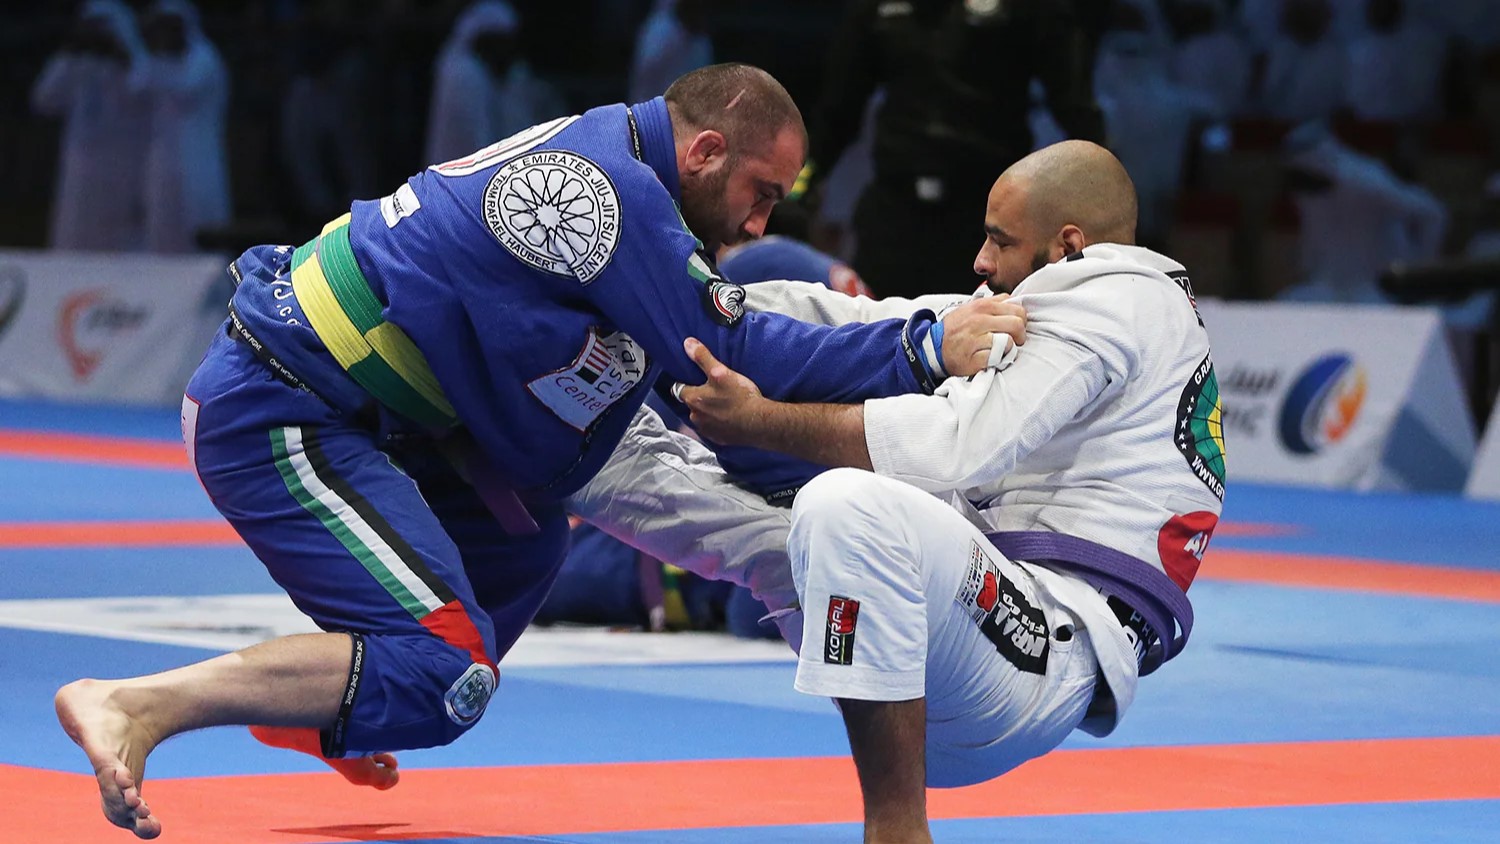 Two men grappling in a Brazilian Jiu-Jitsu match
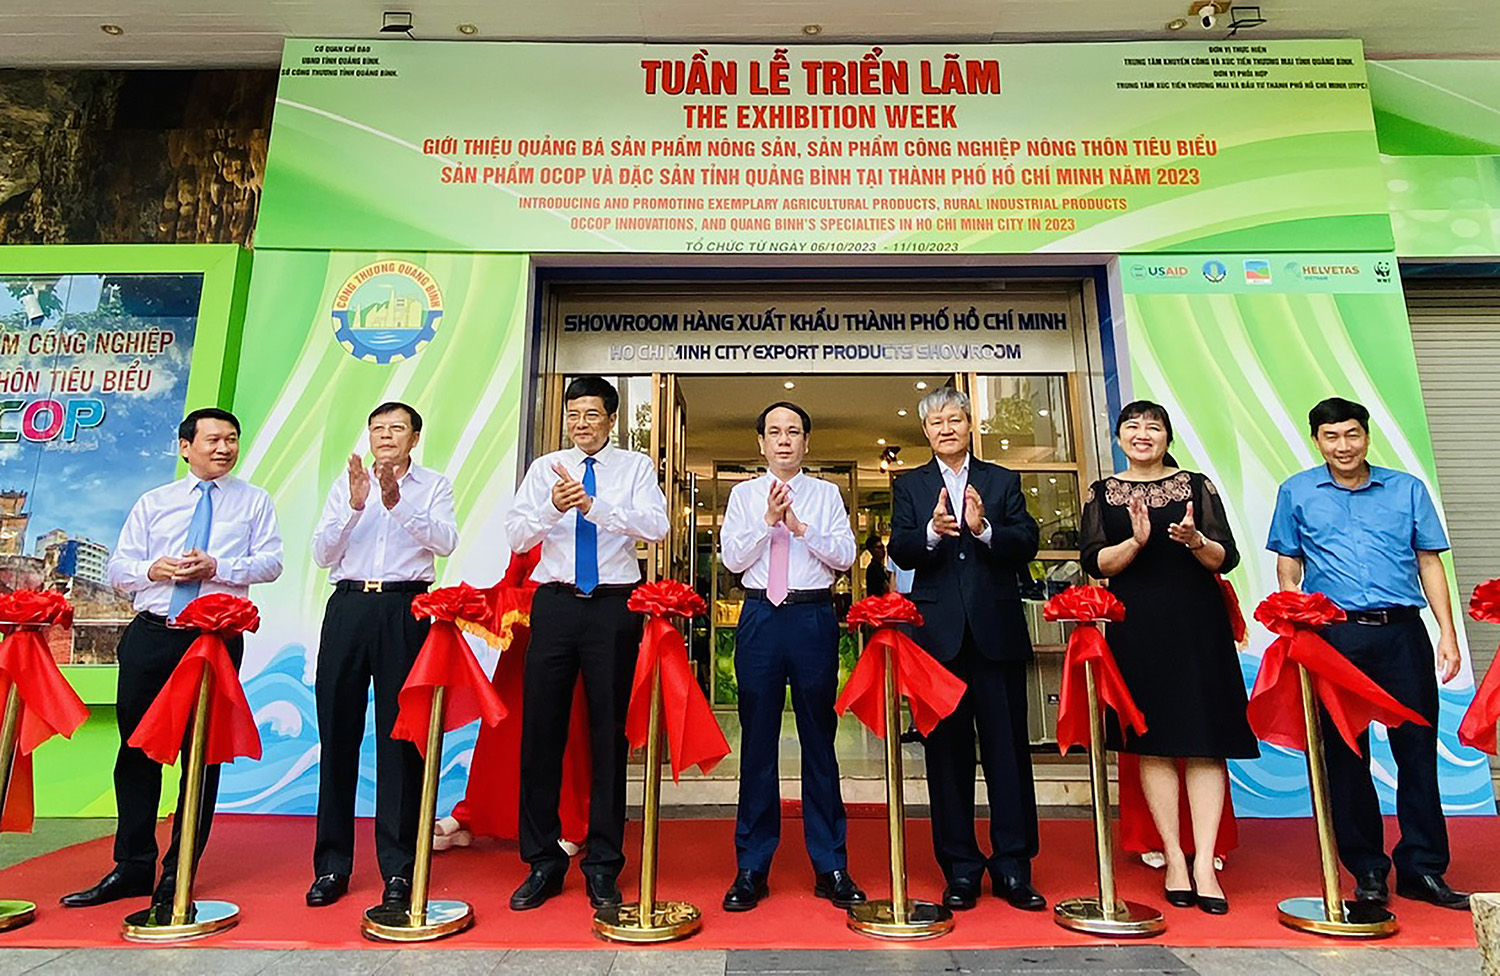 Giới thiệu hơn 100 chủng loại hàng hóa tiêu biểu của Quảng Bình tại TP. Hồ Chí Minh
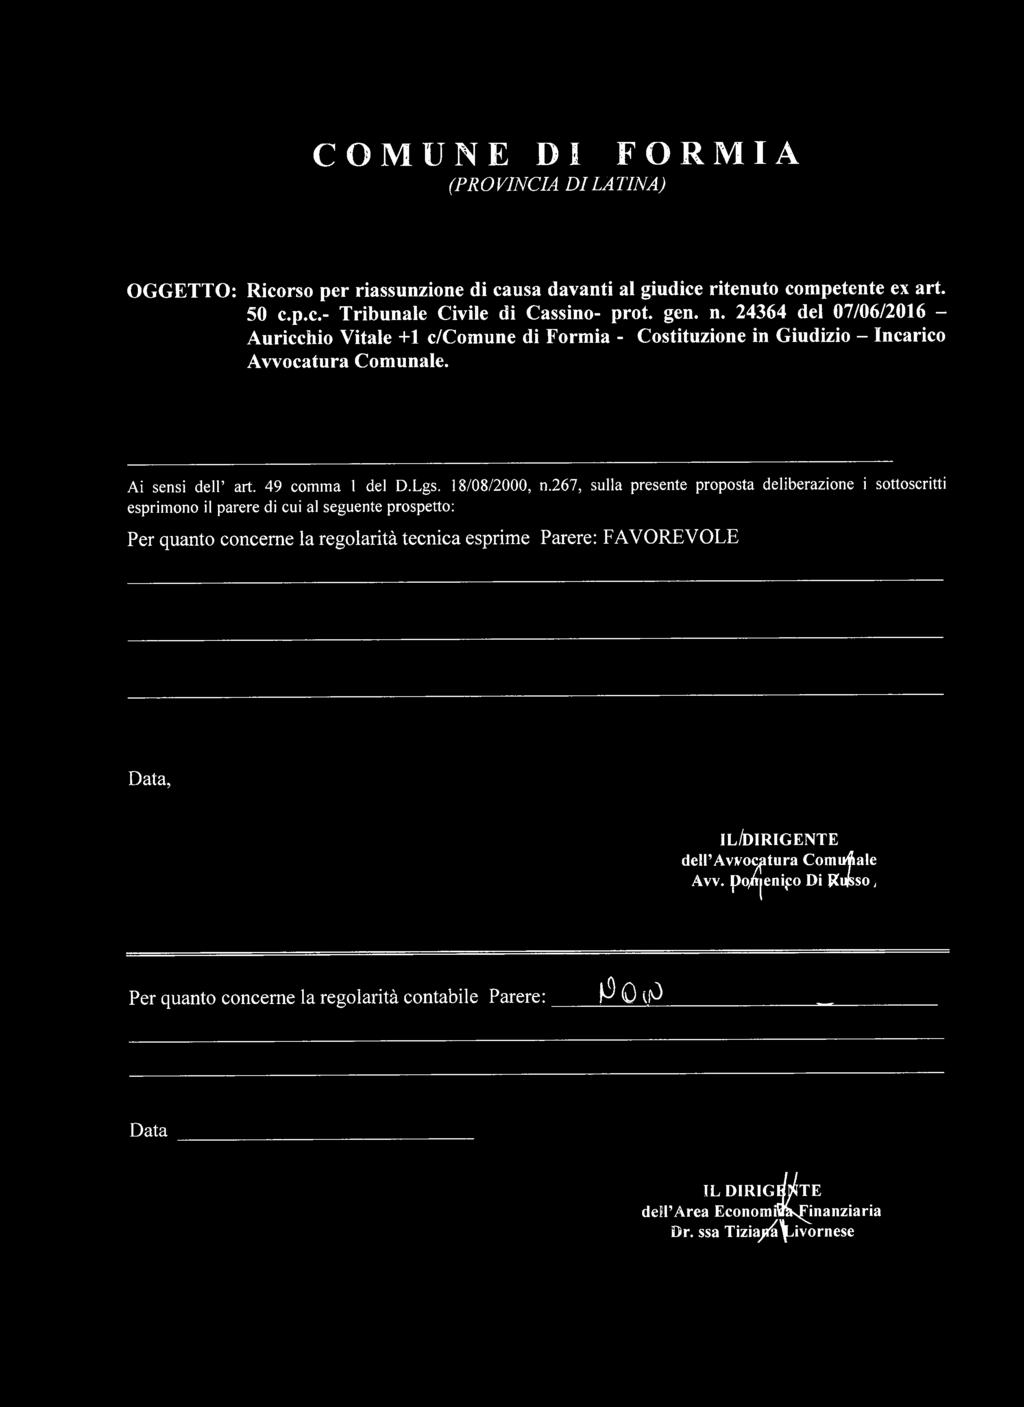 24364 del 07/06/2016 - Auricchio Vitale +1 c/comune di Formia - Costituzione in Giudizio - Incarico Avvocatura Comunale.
:::::
## ACTIVITY:
Pictures are to be left out; otherwise, copy exactly each line from the one containing "Giới thiệu hơn" through the last line of the listing.

## SOLUTION TO THIS TASK:
 Giới thiệu hơn 100 chủng loại hàng hóa tiêu biểu của Quảng Bình tại TP. Hồ Chí Minh
 24364 del 07/06/2016 - Auricchio Vitale +1 c/comune di Formia - Costituzione in Giudizio - Incarico Avvocatura Comunale.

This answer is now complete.